責任感が強い、というと聞こえはいいけど、過度に自責的な人の割合が多いように思う。

完全に私見で、全くエビデンスはないけど、これは、身内に厳しく他人に甘いという幼少期の育てられ方の影響があるような気がしている。


マスク警察や自粛警察をみてわかるように、日本の同調圧力はすさまじい。
なので、多くの人は他者からの目を気にするし、人に迷惑をかけるかもしれないことを避ける。
空気を読めない振る舞いを極端に嫌がり、自分も他者にそう思われないように神経を使う。

そして、自分の子供にもそういう教育をする。
「人に迷惑をかけてはいけない」とか、
「相手の気持ちを考えて行動しなさい」とか。

もちろんどちらも大切なことではある。
でも、本当は、いちばん大切にすべきなのは自分自身であるはずだ。

そこをちゃんと明言しないまま、「迷惑をかけるな」とか「相手の気持ちを考えろ」と教えると、迷惑をかけないために自分を犠牲にしたり、相手の気持ちばかり考えて自分の気持ちを偽ったりするようになってしまう場合があるのではないかと思う。


もちろん、多くの場合、親たちは、言葉にしなくてもたくさんの愛情を子供に注いでいる。
そして、子供の側も、親たちが厳しさの中に大きな愛情をもって教育してくれていたことに気づく。

しかし、子供がそれに気づくのは、多くの場合、ある程度大きくなってからだ。
自分が親の立場になってはじめて気づく場合もあるかもしれない。
もっと言えば、ネガティブな感情に支配されてしまって、その愛情に気づかないままの場合だってあるかもしれない。

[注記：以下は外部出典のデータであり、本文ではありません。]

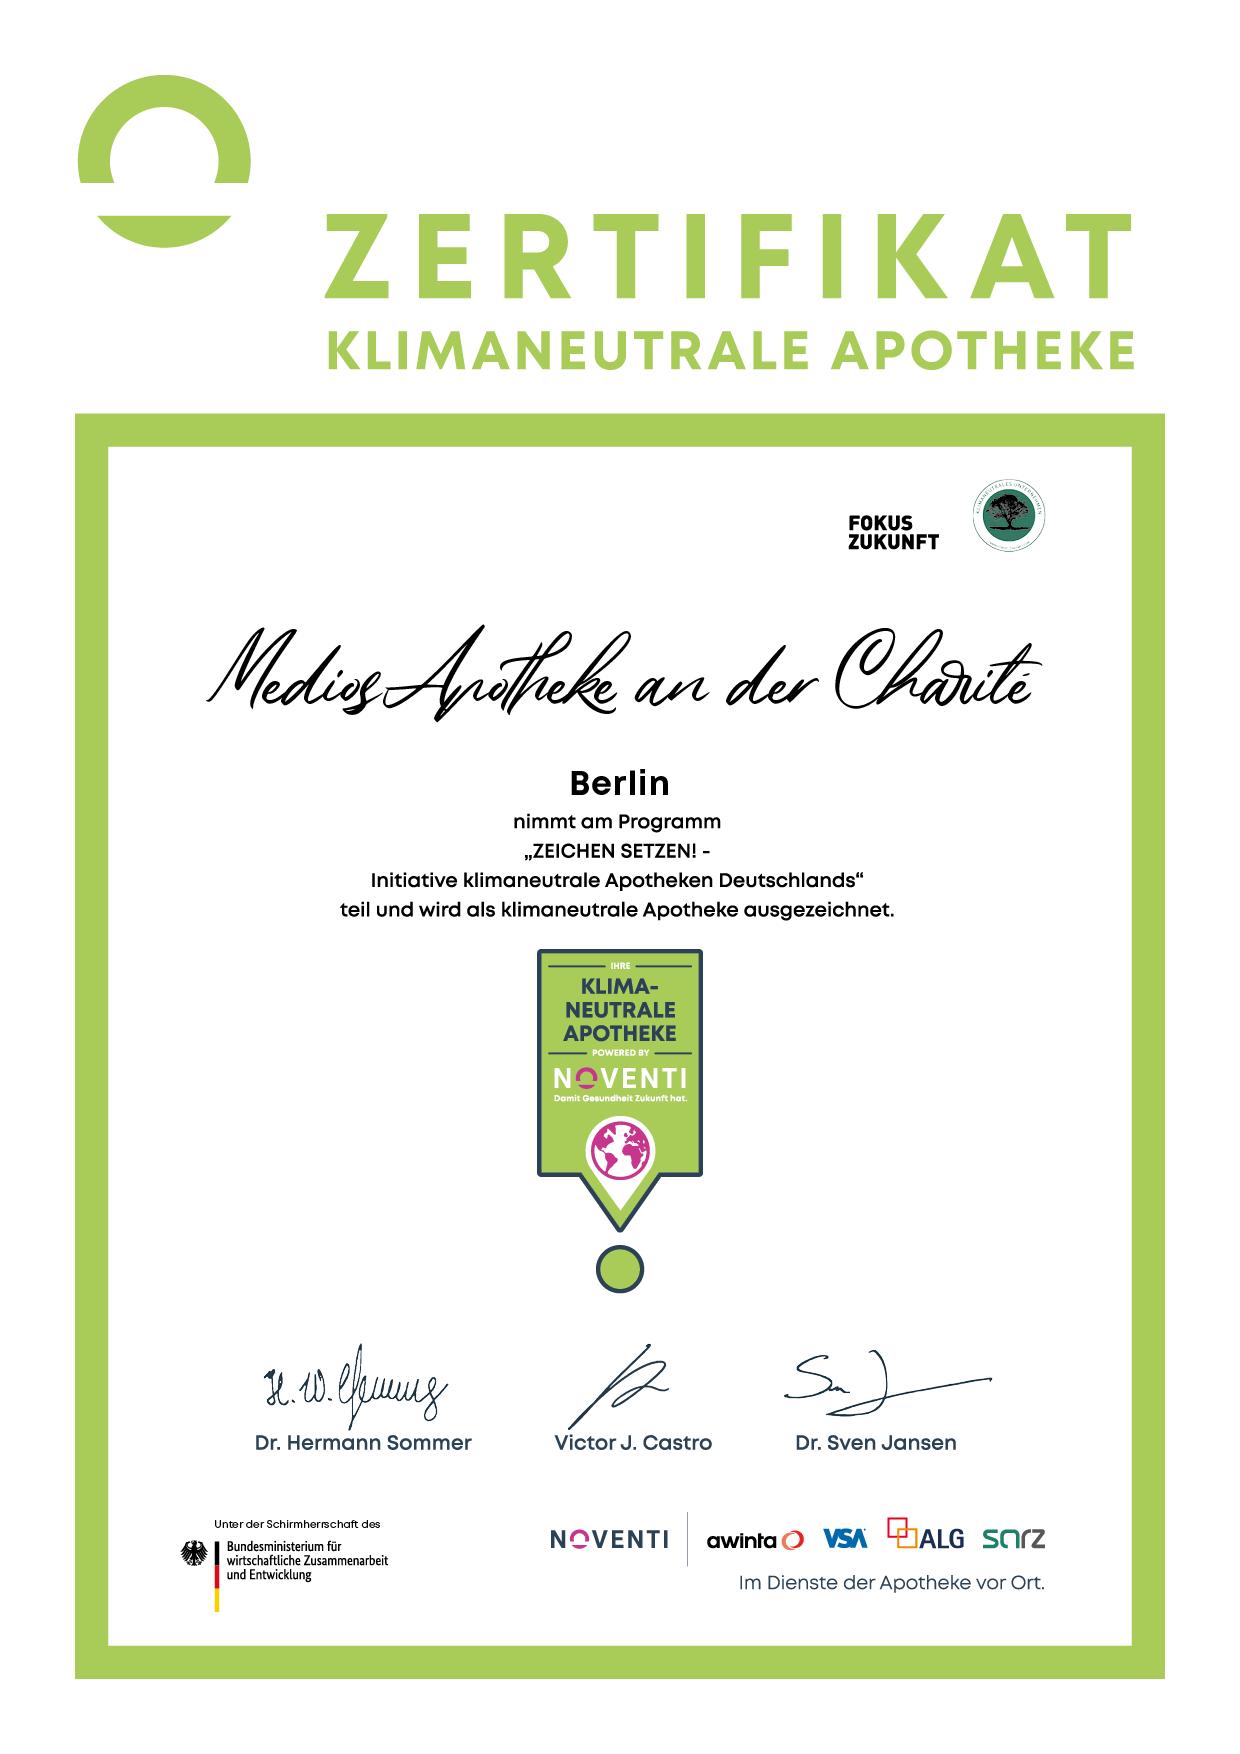 MediosApotheke Noventi Auszeichnung Umweltschutz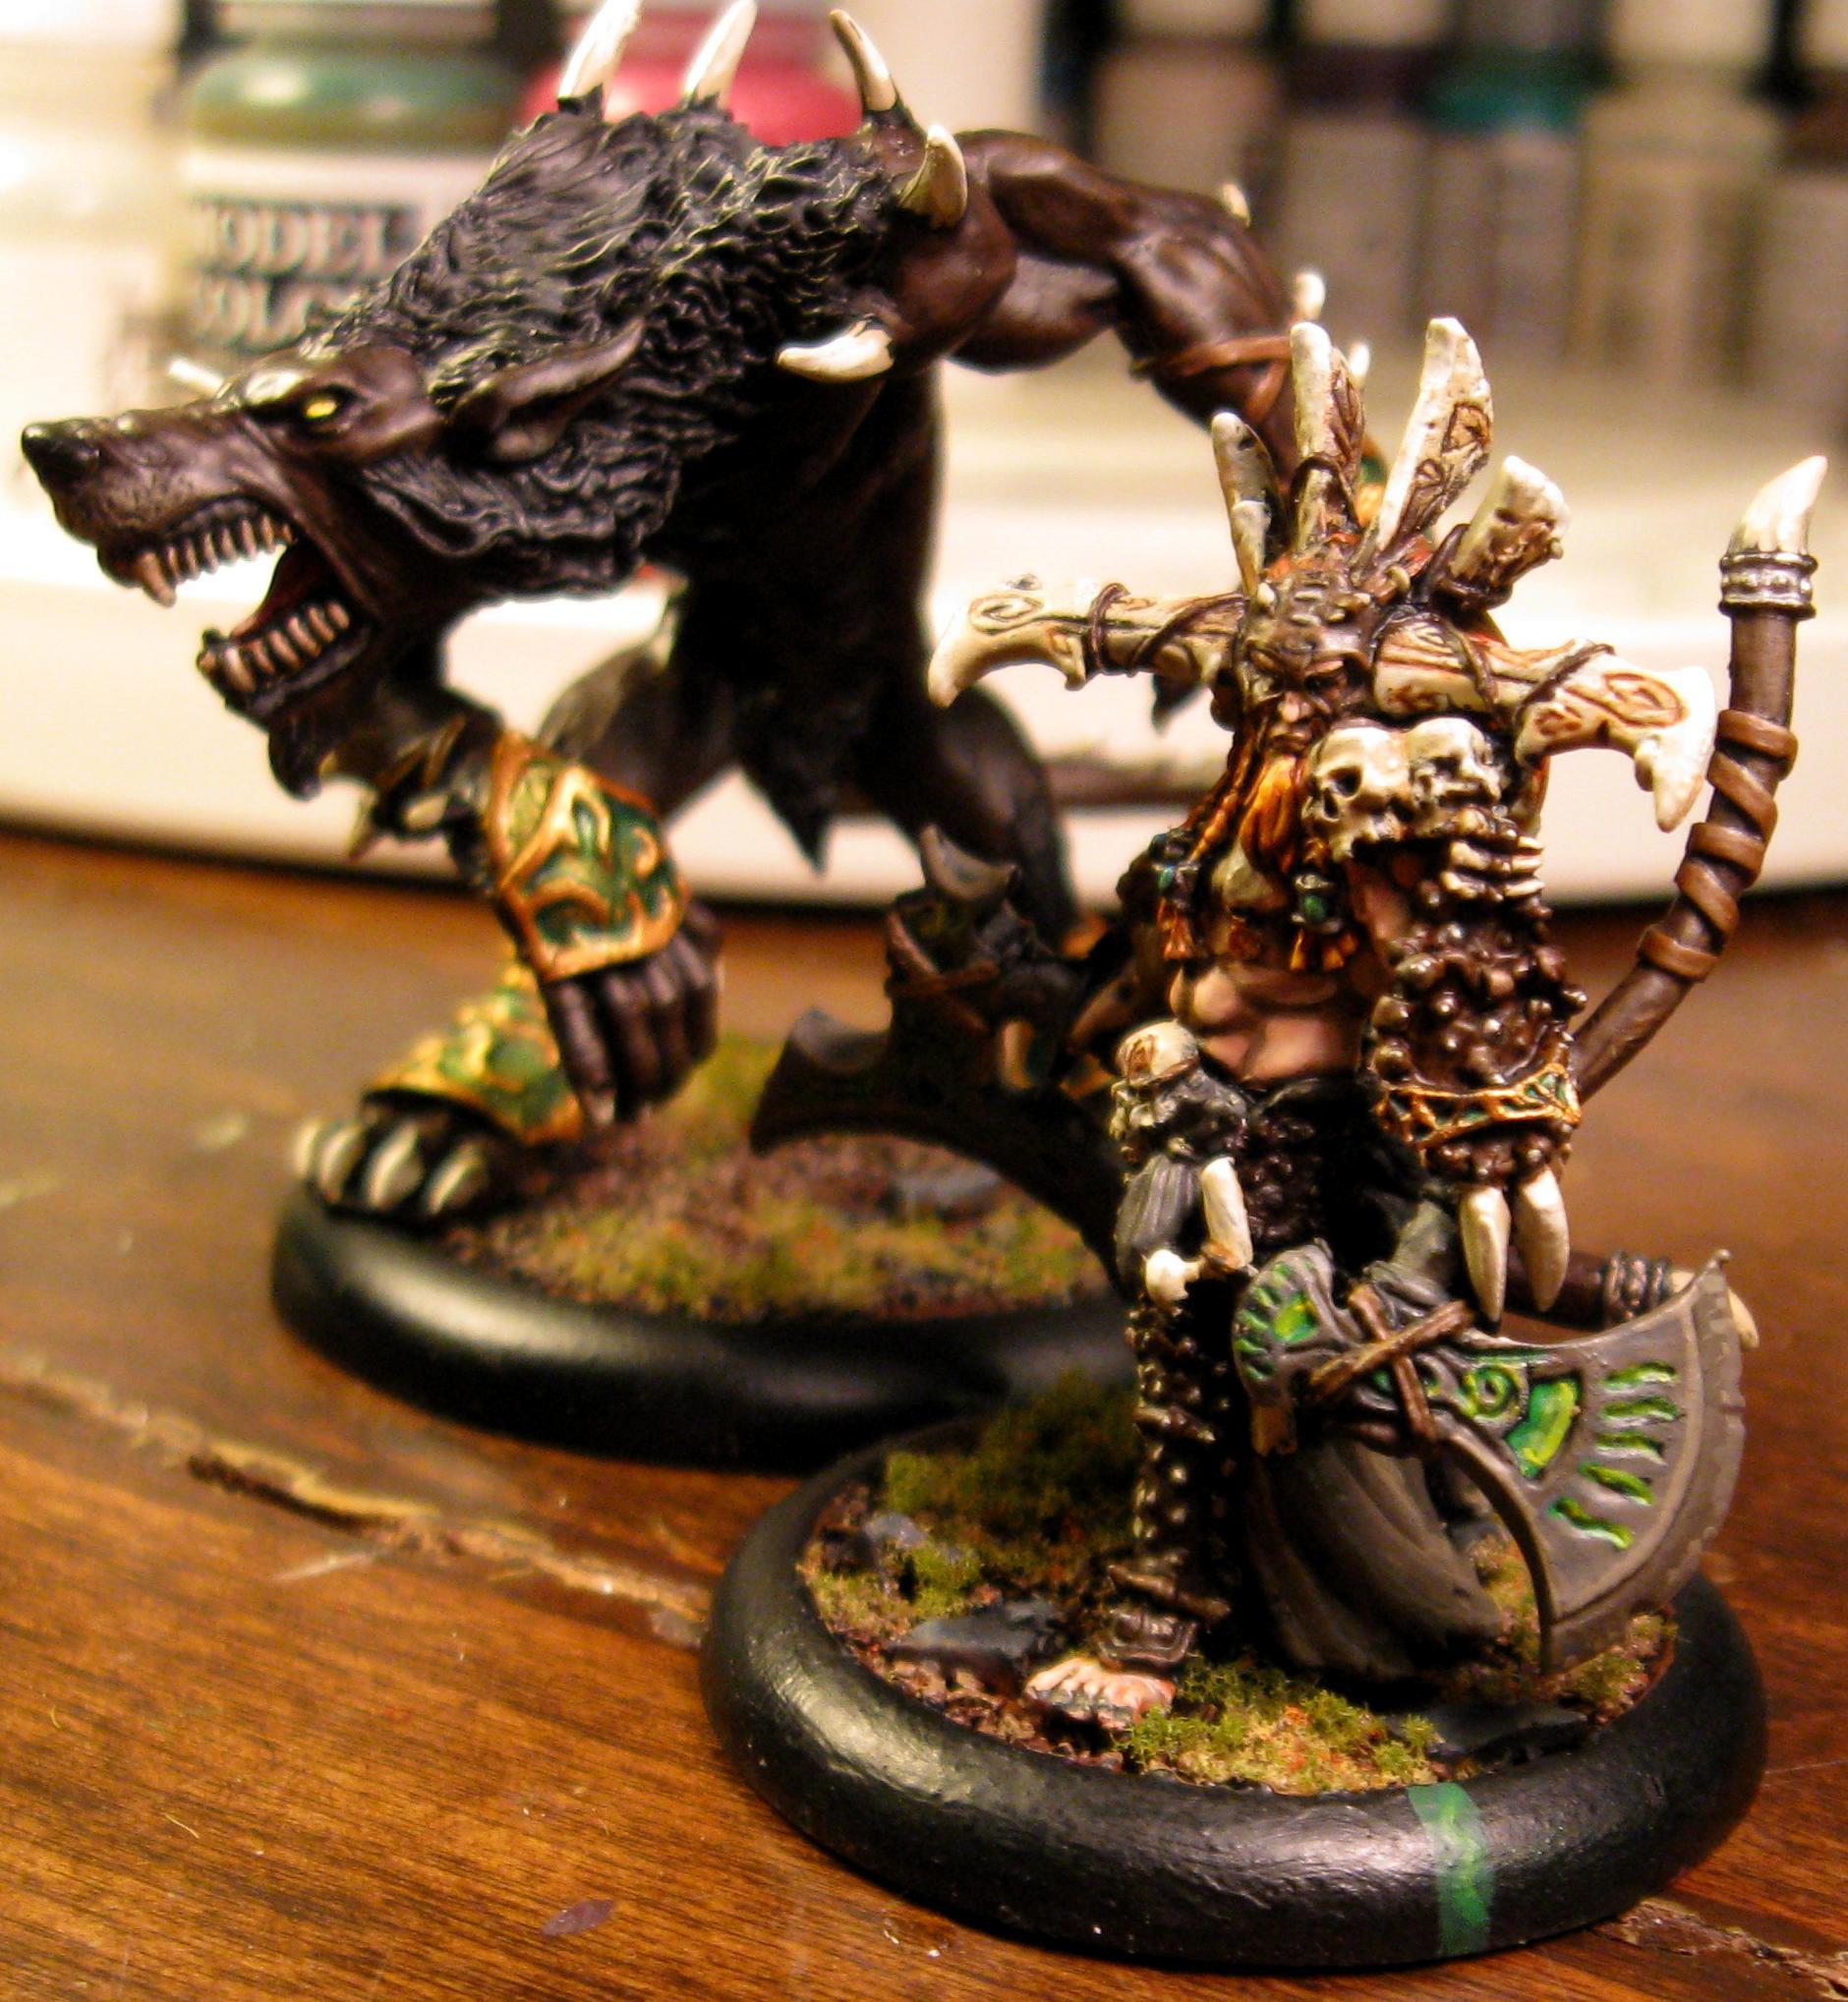 Warpwolf and Kromac

思考パターンの骨格が形成されてから、それを修正していくことは、簡単ではないし、時間もかかる。
大人になってから、「自分を大切にしなさい」などと言われて、急にできるわけがない。


健全な自己愛、それっぽい言葉でいうと「自己肯定感」を育むためには、あるがままの自分が愛されているという安心感が望ましい。
親は、確かに子供がまっとうな大人になるために教育する義務があると思うが、それは誰かのためではなく、本人のためであるはずだ。
子供が間違ったことをしたときに、厳しく叱ることも必要だと思うが、それ以上に、ほめたり、愛情を子供にもわかる言葉で表出することが必要なのではないかと思う。